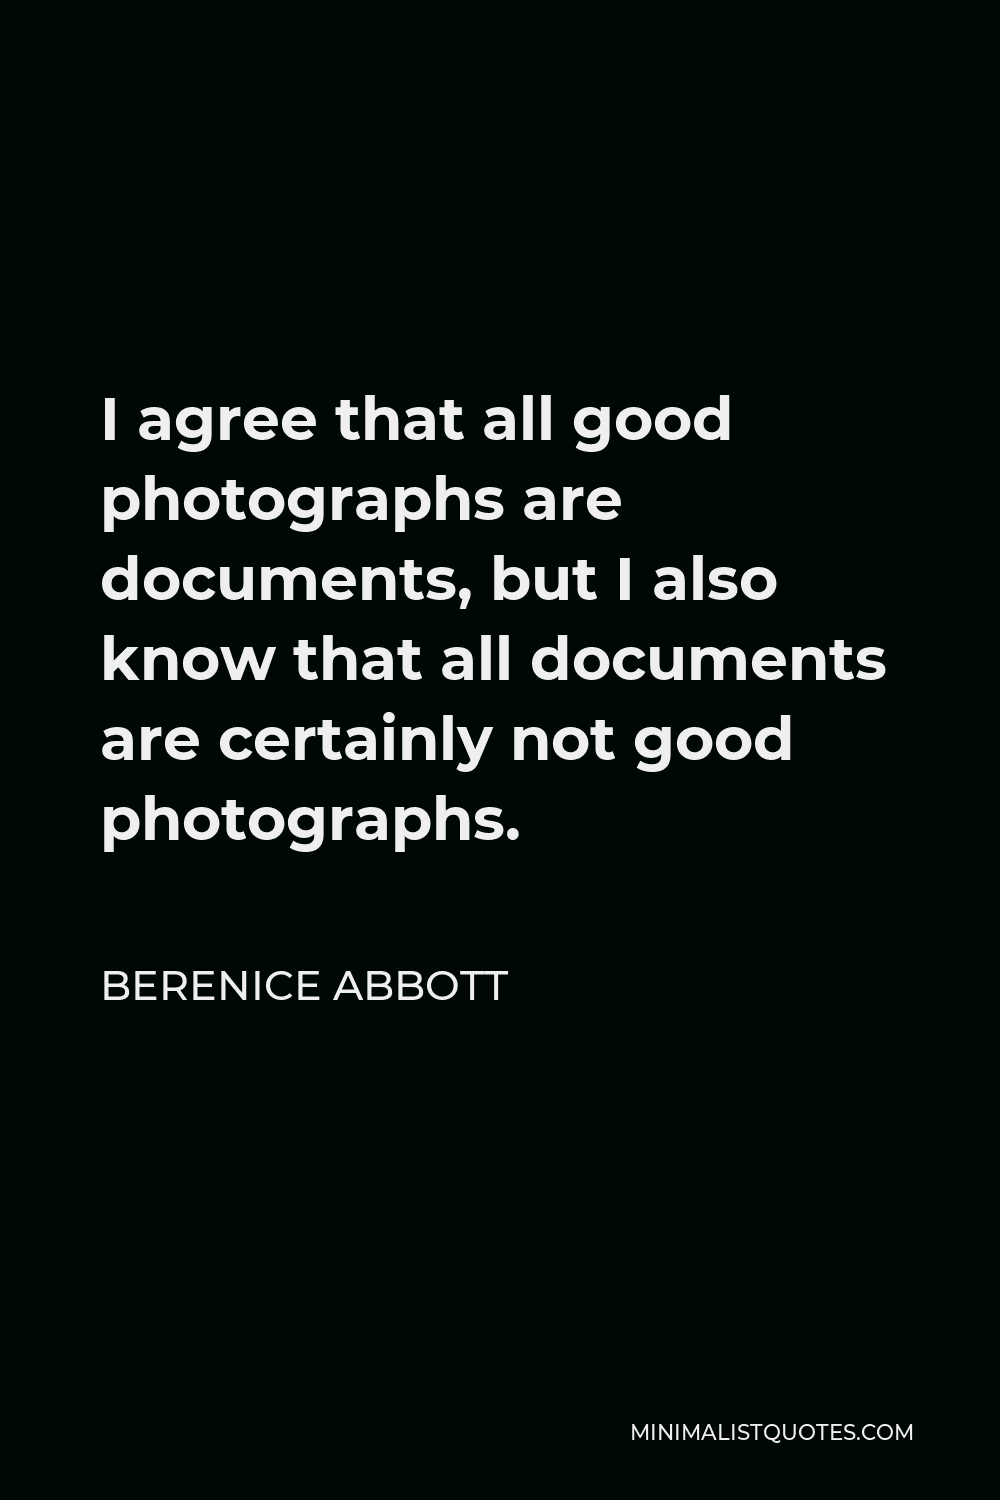 Berenice Abbott Quote - I agree that all good photographs are documents, but I also know that all documents are certainly not good photographs.
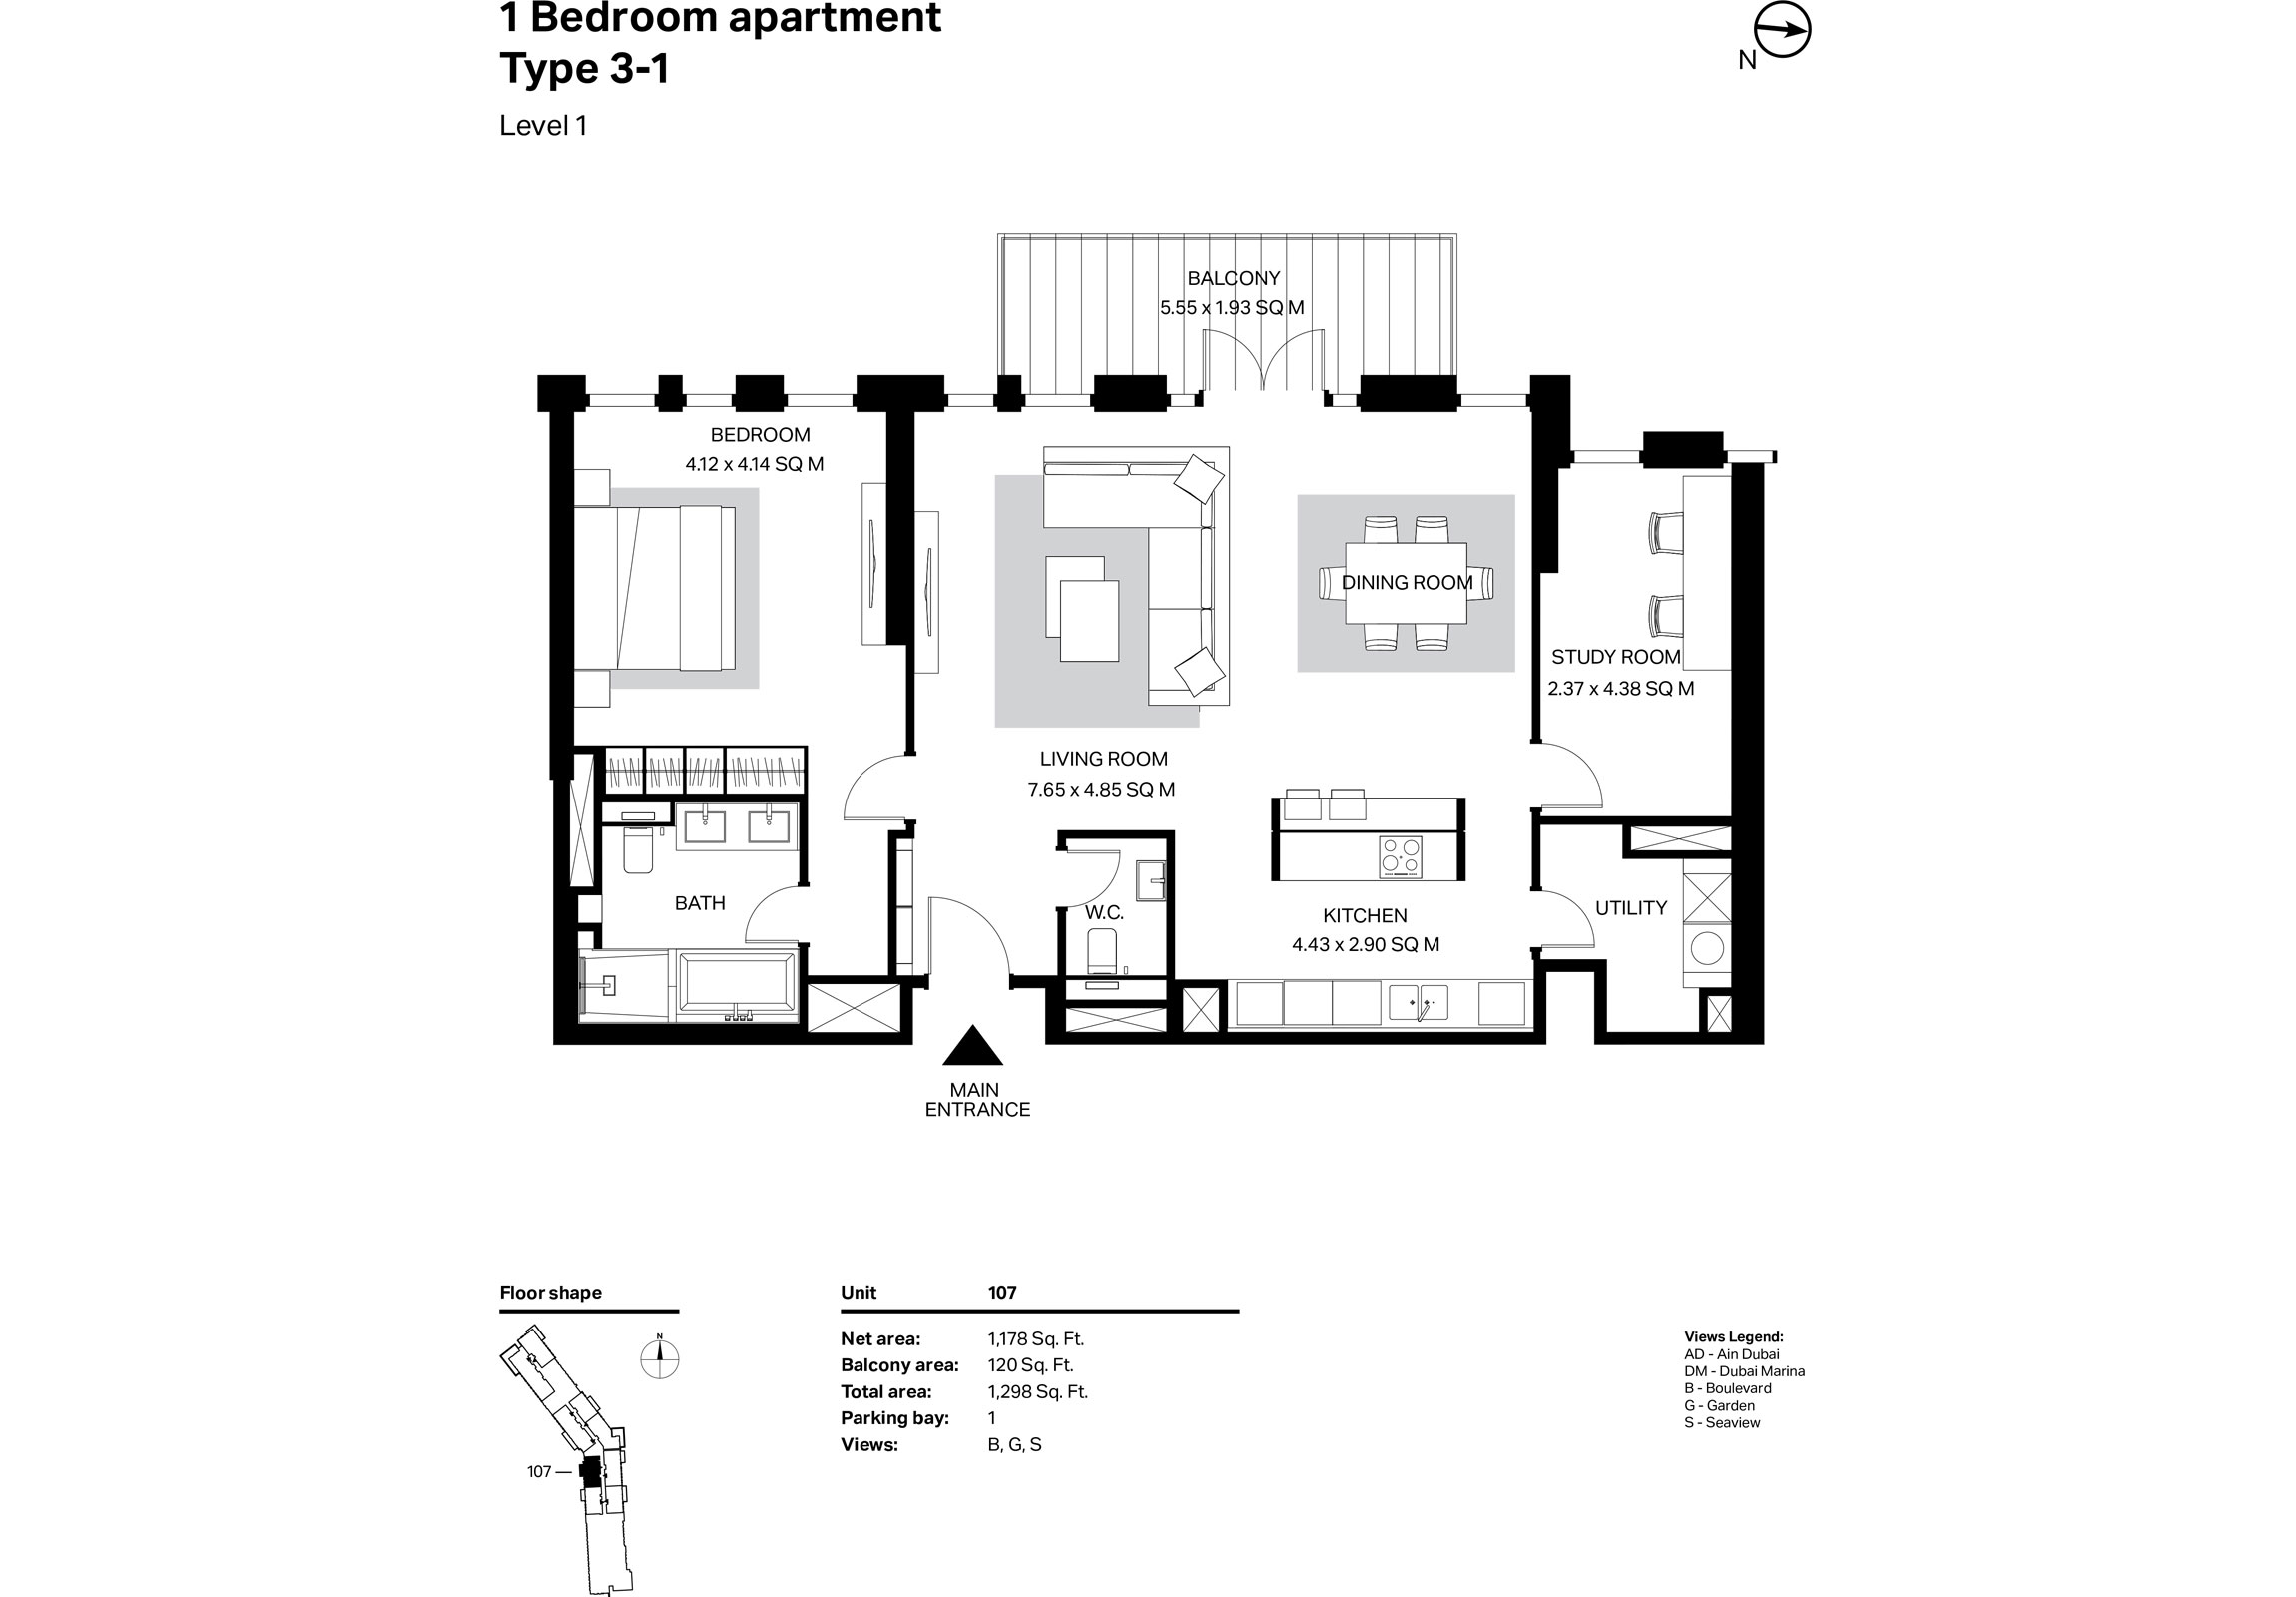 Building 2 - 1 Bedroom Type 3-1 Level 1 Size 1298 sq ft
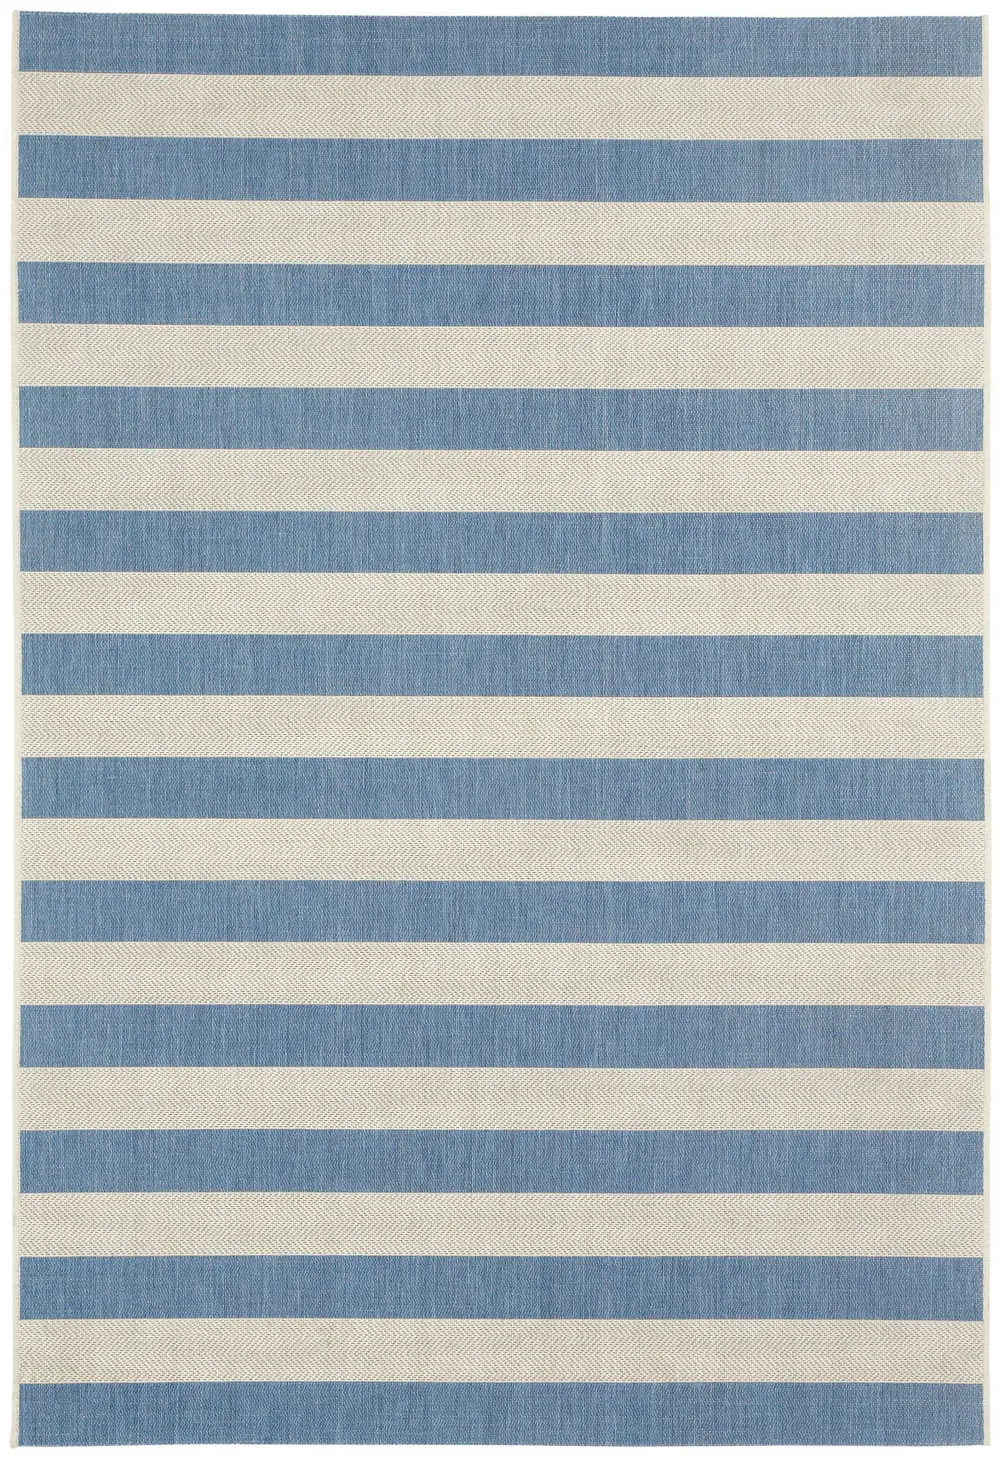 473044035 4 x 6 Small Striped Capri Blue Indoor-Outdoor Rug - Finesse-1

## Your assignment
Every word of the material, and none of its pictures, should be set down again.

## Exercise solution
 Berenice Abbott Quote - I agree that all good photographs are documents, but I also know that all documents are certainly not good photographs.
 Building 2 - 1 Bedroom Type 3-1 Level 1 Size 1298 sq ft
 473044035 4 x 6 Small Striped Capri Blue Indoor-Outdoor Rug - Finesse-1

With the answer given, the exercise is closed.